Tuesday, Feb. 22, 2011

Best Sound Mixing

Nominees:
Inception (WINNER)
The King's Speech
Salt
The Social Network
True Grit

You wonder every year, as do we: What is sound mixing? What is sound editing? And how do we tell them apart? For an expert's explanation, we turn to In Contention's very thoughtful Oscar guru Kris Tapley: "Sound editing ... concerns the manifestation of artificial sound effects and the overall manipulation of the sonic identity of a film. Sound mixing concerns the balance of those various elements, in addition to music and dialogue, as well as the on-the-set maintenance of production audio."

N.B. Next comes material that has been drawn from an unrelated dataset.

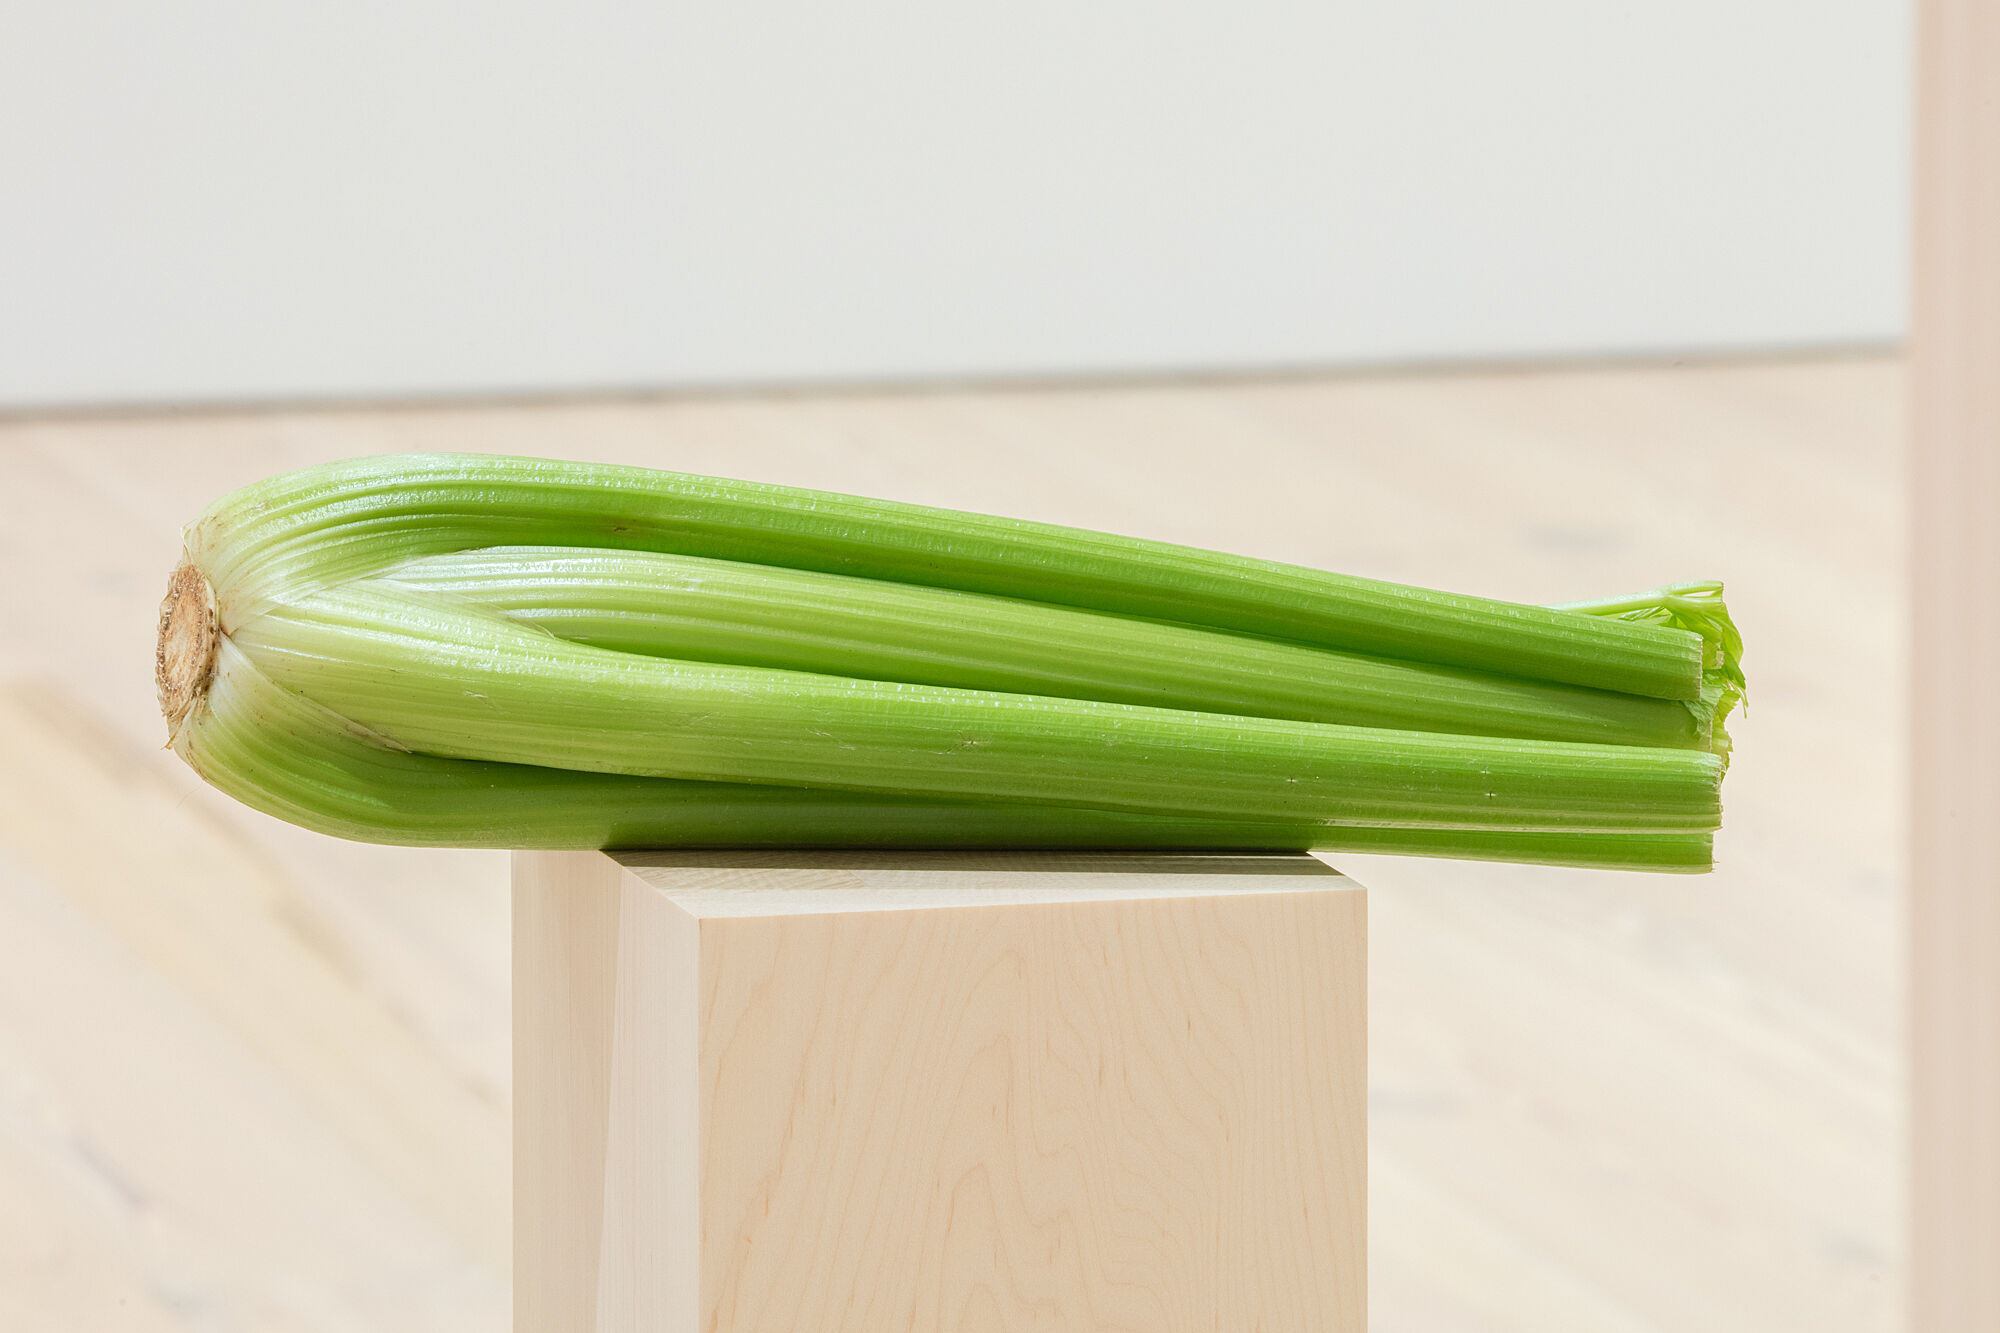 A photo of celery on a plinth.

Clear? No? Then let's begin eliminating films. The Social Network is an all-talkie, and script-driven movies rarely win in this category. Further, it wasn't nominated for Sound Editing, where its intelligible mix of overlapping dialogue and droning Trent Reznor score should have earned mention. Salt: lots of tire screeches in the chase scenes, but this is the only nomination the film received, and in this category, Academy voters typically choose pictures they liked for other reasons. True Grit: those woodland sounds and the ominous silences were plenty eloquent, but we can't help feeling this is one of those films (like The Turning Point in 1978) that gets a ton of nominations but no wins.

So it's Inception vs. The King's Speech. Our hunch is that the voters will remember the sound of that metal doohickey spinning at the end of the film and pick Inception.